I had a lovely Christmas, thank you for asking. It was relatively quiet, mostly due to the fact that Brad was missing. He and his girlfriend are in South Africa where they are spending Christmas at Mabalingwe Game Lodge with her family. I had a phone call this morning (Boxing Day) from a ‘Police Sergeant Botha’ to say he was sorry to break the news, but my son had been eaten by a lion. I thought it was a hoax to get money out of me so I ignored it.
Anyway, Leon and Vicki, along with her boyfriend Sam and best friend Will were here, even though V&S were late arriving, due to both having to work !!! until five o’clock (on Christmas day for goodness sakes!). We opened lots of presents and my Christmas repast went down well, being served at the correct temperatures without any errors or omissions this year. (I actually think this was a first.)
Anyway, the reason I’m talking to you now is to share a list which I just compiled, which I thought might entertain you a little. You see, my daughter bought me a new bedside lamp for Christmas. I just went to ‘install’ it, but first had to clear my bedside table.

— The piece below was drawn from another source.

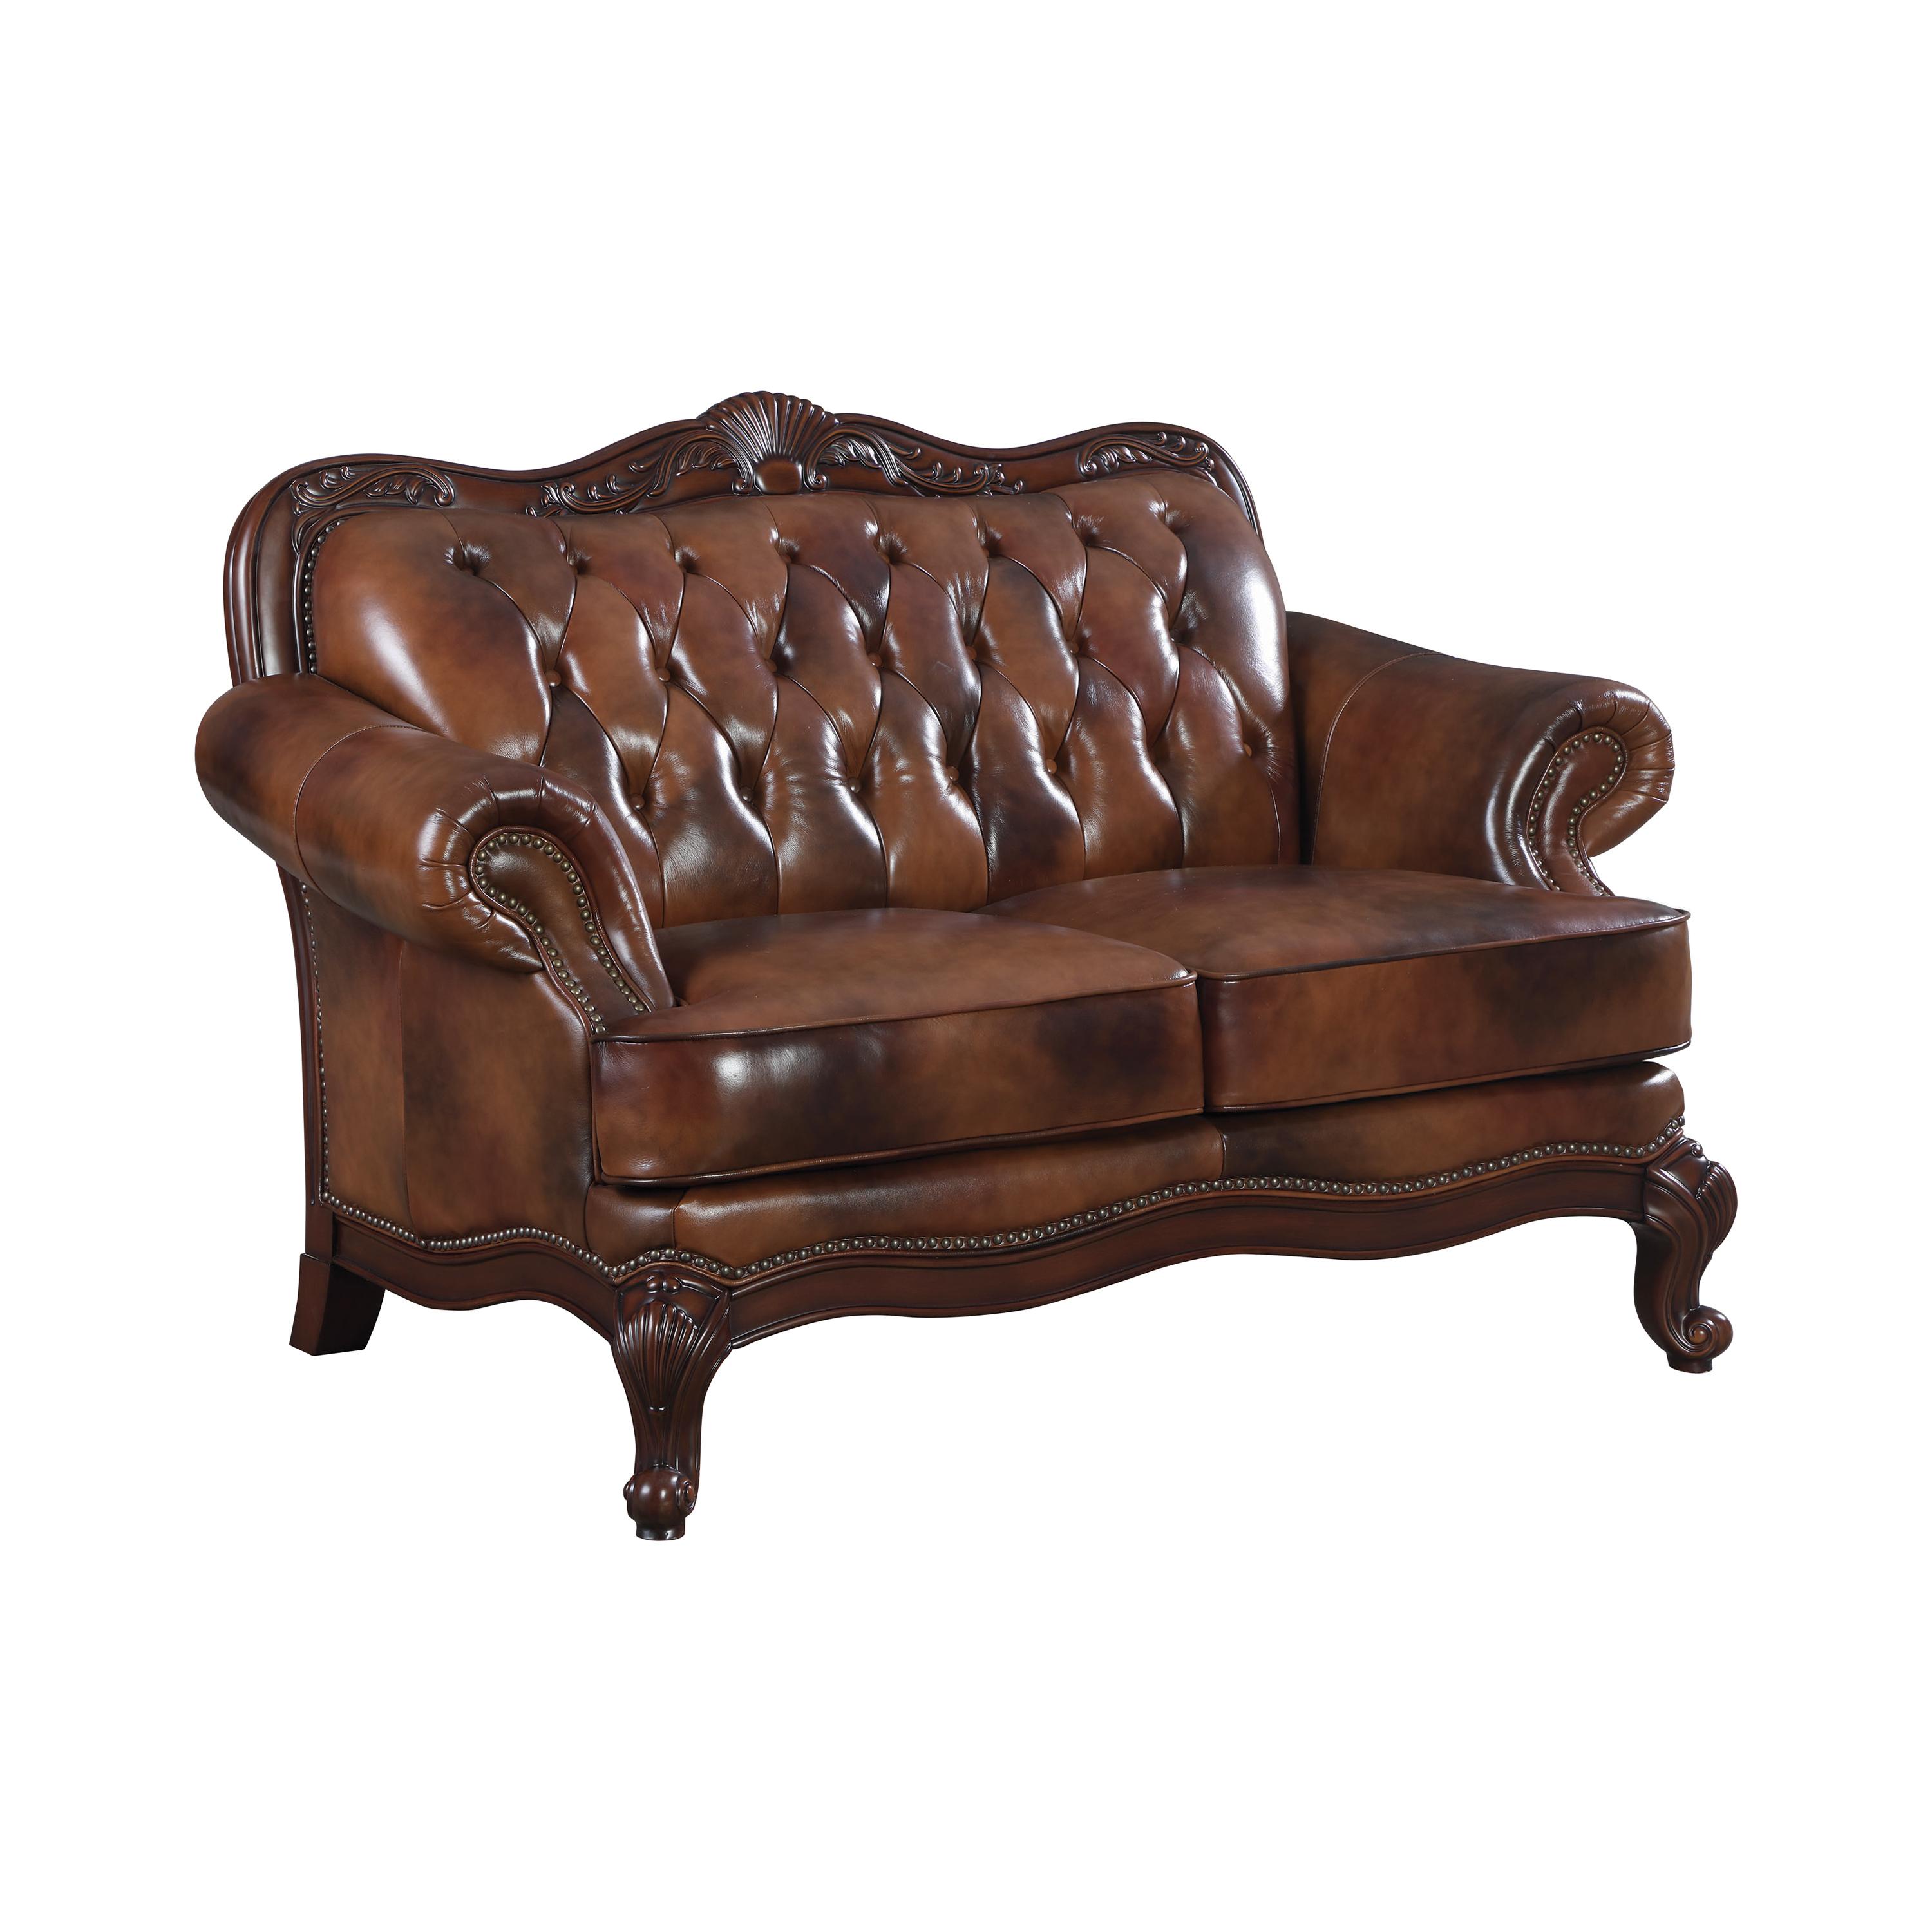 Classic Loveseat 500682 Victoria 500682 in Brown Leather

This is what was on said furniture –
- Bedside lamp – faulty
- Hanging from lamp – pair of spectacles, on a cord
- – fob-watch on a chain
- Box of tissues, almost new
- Thick plastic paperclip-sort-of-thing, blue
- White pearl Button, in tiny plastic packet
- Small spiral notepad
- 3 pens (black, red, purple)
- €1 coin
- 2 touch-screen sticks (1 lime green, 1 purple)
- 1 dog biscuit, heart shaped
- Bottle of Aloe Gel, 1/3 full
- Small blue emery board
- Folded tissue, from handypack
- Small black plastic gubbins, purpose unknown*
- Vicks Inhaler
- Zambia K500 note
- 1x12cm thin black satin ribbon, previously attached to a cardigan shoulder
- Amstel beer coaster
- Enough dust to give someone a serious asthma attack
Having cleaned off the dust and removed certain of the duplicated/unnecessary items, my lovely new touch-lamp is now suitably sited.
My old touch-lamp lasted nigh-on seven years before developing a mind of its own, when it randomly began to switch itself on at the most obscure times. This could be somewhat disconcerting (ie read ‘heart-attack material) if it happened while you were walking through the dark room at night, or suddenly awakened from a deep sleep by a mid-night brightness.
Anyway, I hope you had a wonderful Christmas, or bonus day, or two, off if you’re not into it. We only get one day off here in Spain, no Boxing Day for us. Of course, I get as many days off as I want, seein’ as ‘ow I’m an old retired person.
In closing I would like to wish you a 2019 filled with good health, a reasonable amount of wealth (no need to be greedy) and tons of happiness.
PS I’ve remembered what the small black plastic gubbins is. It’s the nozzle for the vacuum function on an old, but still partially working, bag sealer stored in the top of a wardrobe. (It fell off as I was chucking the machine into the cupboard, and I couldn’t be arsed to get the steps to fit it back on).